This is a post that has nothing to do with physics or other sciences, for once. I just report here my thoughts as a father upon allowing my 11-years-old son to go spend a day to the beach alone with his friends. Is it too early ? Is it about time ?

Perhaps I should qualify my description of the whole business, since the data above are of course wholly insufficient to answer the question. Filippo (on the left in the picture below, taken last year in Klagenfurt) today left our home in Venice a bit before noon, walked 10' to the boat station, got in a boat directed to the Lido of Venice (a half-hour trip), arrived there and proceeded by feet to the beach, who is on the other side of the island, a mile away. At the beach he will probably find some of his friends, play with them, hang together. Later today he will come back home with the same means, again alone.

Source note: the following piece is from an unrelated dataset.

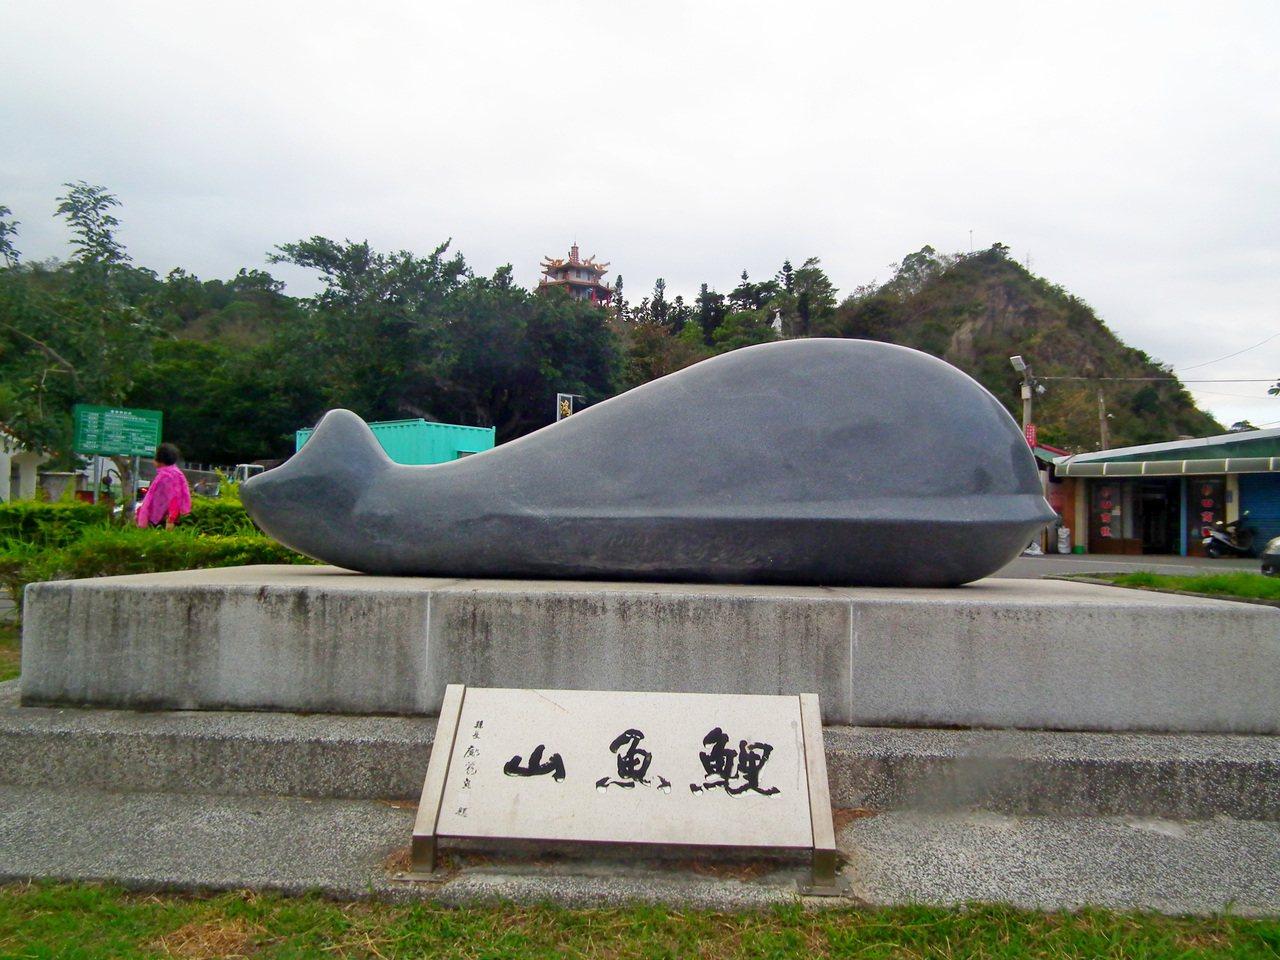 鯉魚山是台東市區最高的一座山,白天晚上都有不同的視野風貌,適合大家登步健走。 圖...
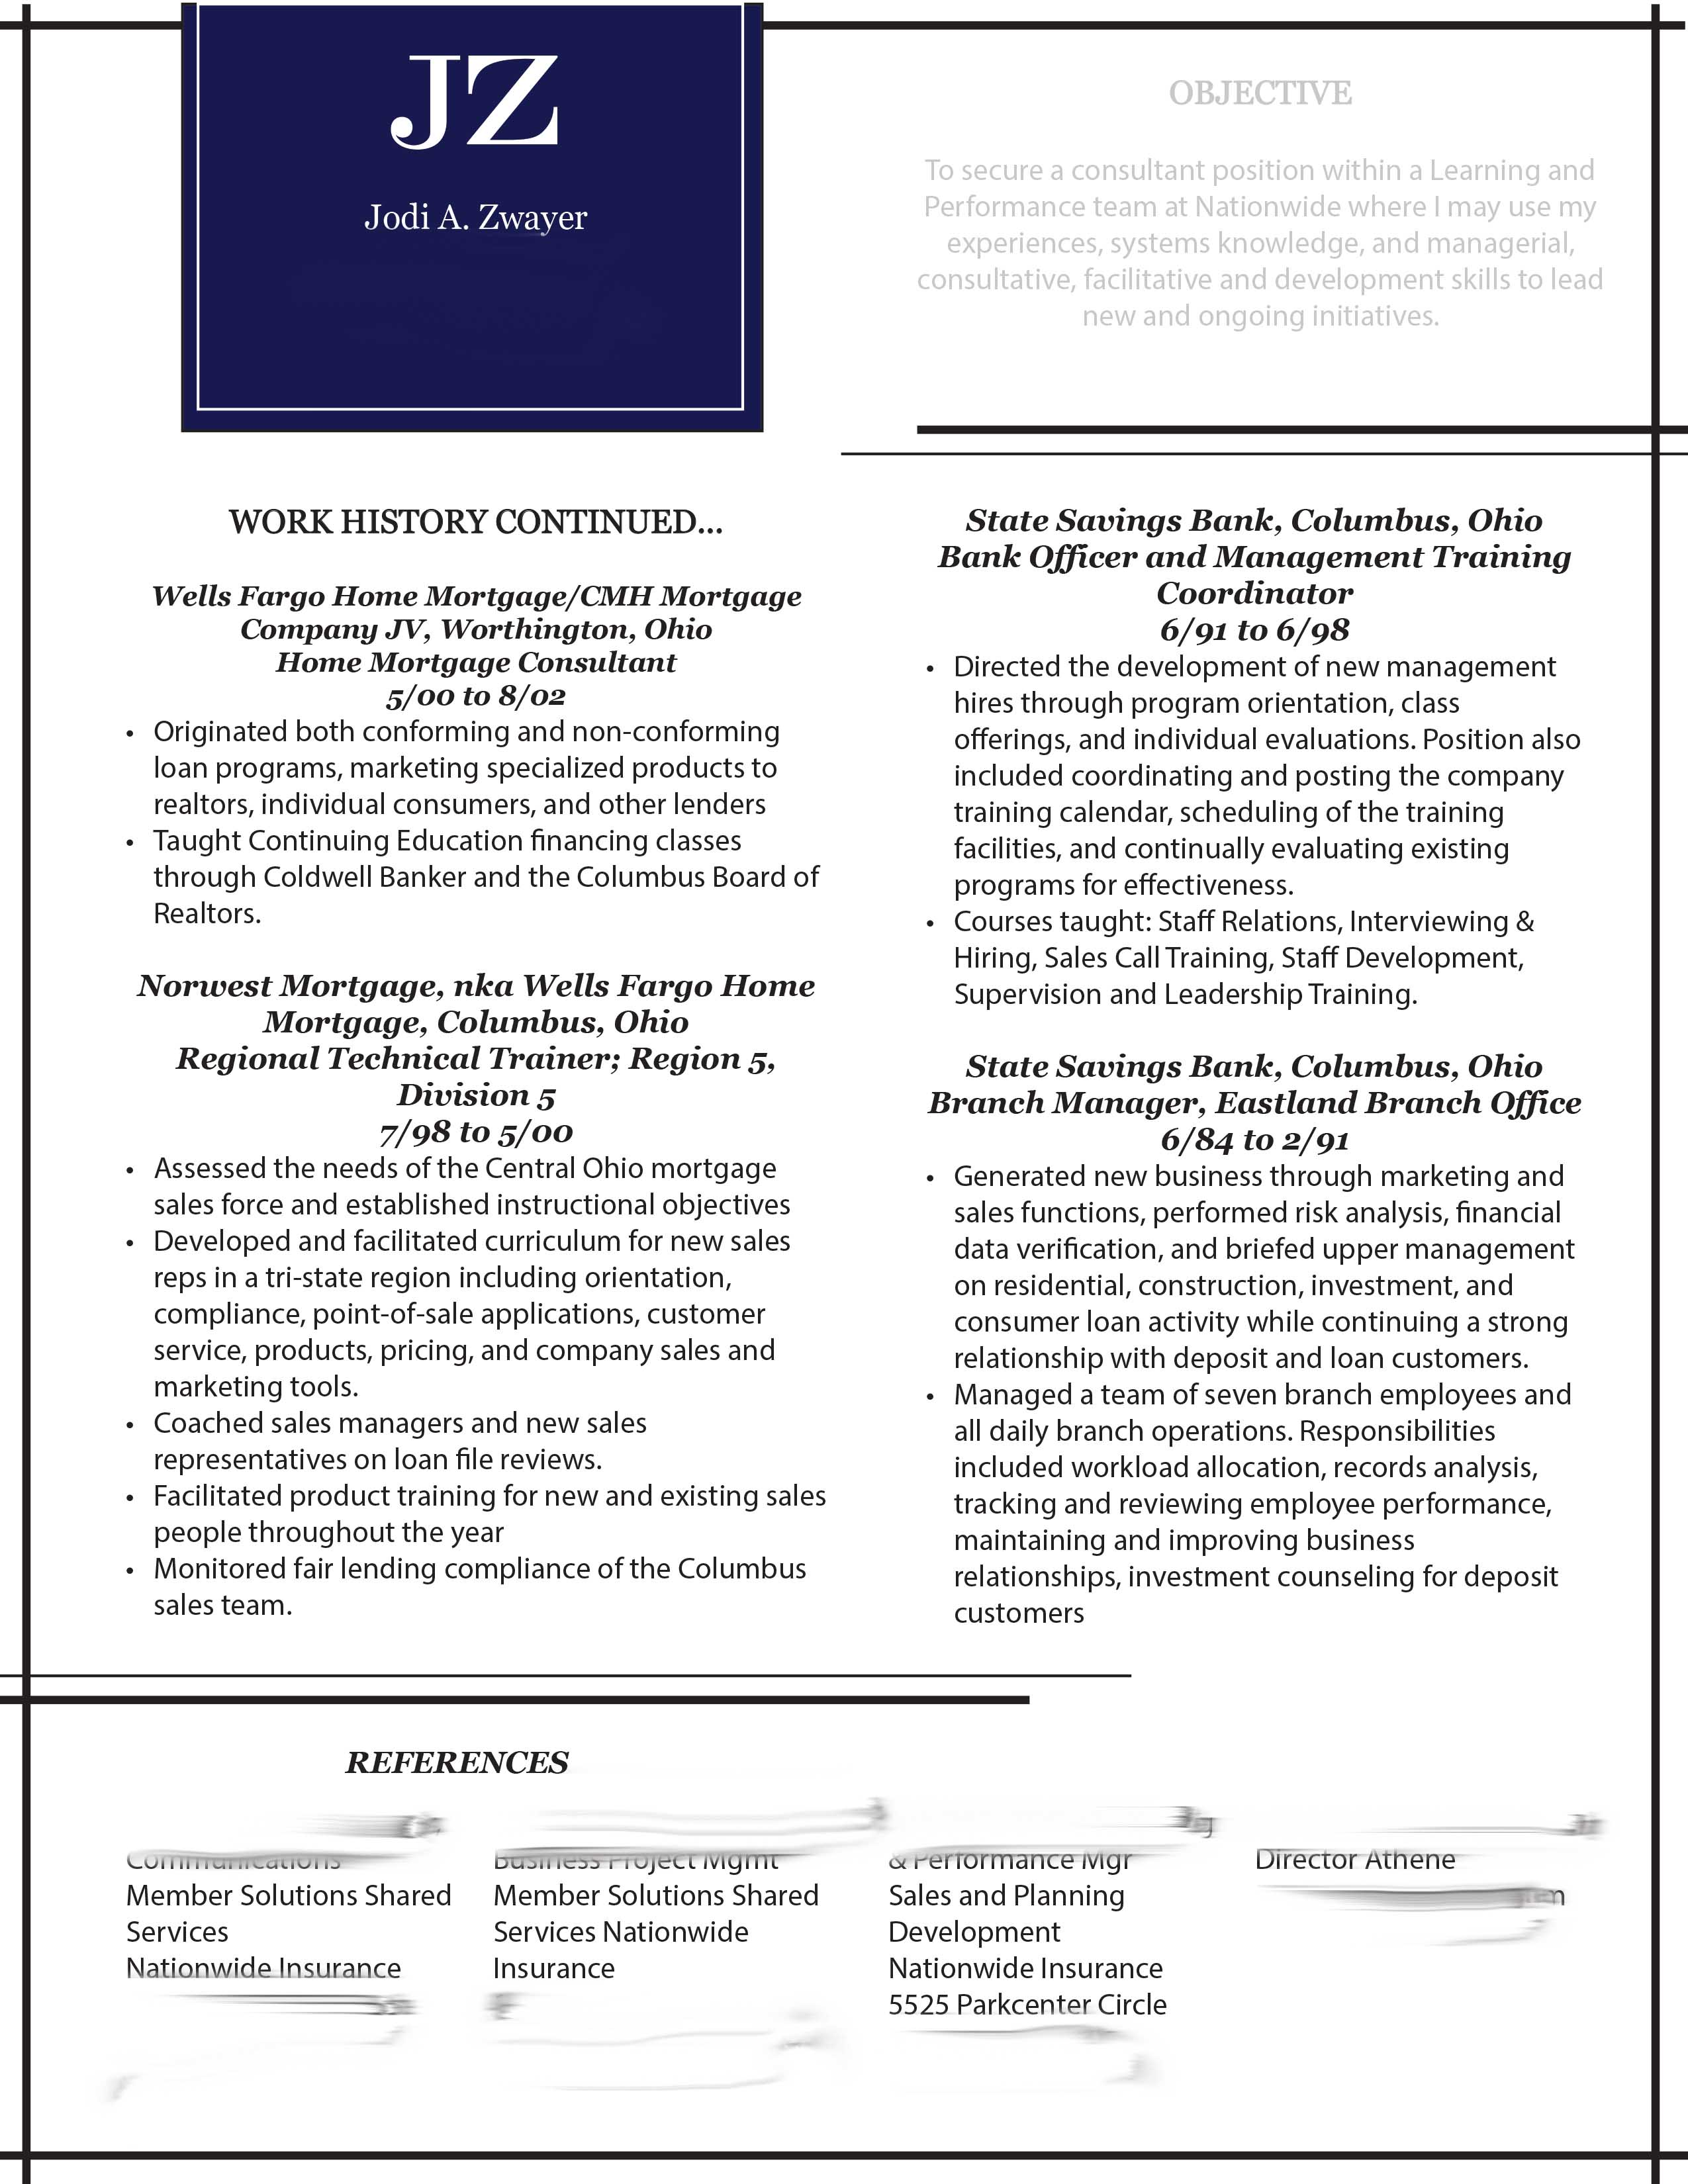 Unusual Resume Companies Columbus Ohio Ideas - Example Resume ...

Now, while there are no cars in Venice, there is car circulation in Lido, and this is a concern for a kid who never before had to worry by himself about when and how passing on the other side of a street. But other apprehensive parents might find scary the very fact of allowing a 11 years old kid to wander around alone, cars or not. There are many dangers in today's society for a young kid. Or are there ?

In Italy we have been brainwashed to feel less and less secure. Criminal activity has not increased significantly since I was a kid 30 years ago; only its reporting has! We feel less secure because inhabitants are increasingly of foreign origin (mostly chinese, eastern europeans, africans, latin americans), and we are brought to believe that they are "different" from us, and thus inherently dangerous to our way of life, our habits, our traditions, our jobs; at a different level, a clear attempt at making citizens feel threatened in their belongings and safety is also in place. There is a clear agenda.

When I was a kid, I used to go from one place to another in Venice by myself already at a very young age -seven or eight years. I was not alone in being allowed that kind of freedom: it was generally considered safe. Things have not changed in Venice since then so much: Venice is special and certainly overall less dangerous than other towns because of the lack of cars, but one might still envision dangers like drowning in a canal or getting raped by a pedophile. Drug dealing is not frequent but not inexistent either; theft is endemic. So what has changed is mostly our way of looking at things. I fight that, and I coherently decide that my own kid can, at the age of 11, go wherever he likes, after being instructed by my wife and I (and okay, I also have to use some diplomacy with my wife to bring her on my side on this topic!).

I think kids nowadays are pampered too much by their parents. Until they get big enough to raise their voice against dad they are deprived of the possibility to become autonomous, to feel responsible, to learn from trial and error on their own skin. This contributes to a general underdevelopment in their self-esteem, their self-confidence, and their good judgement. Not Filippo - I am going to give him the freedom he needs to grow and become a responsible adult. Time will tell if I have made the correct choice!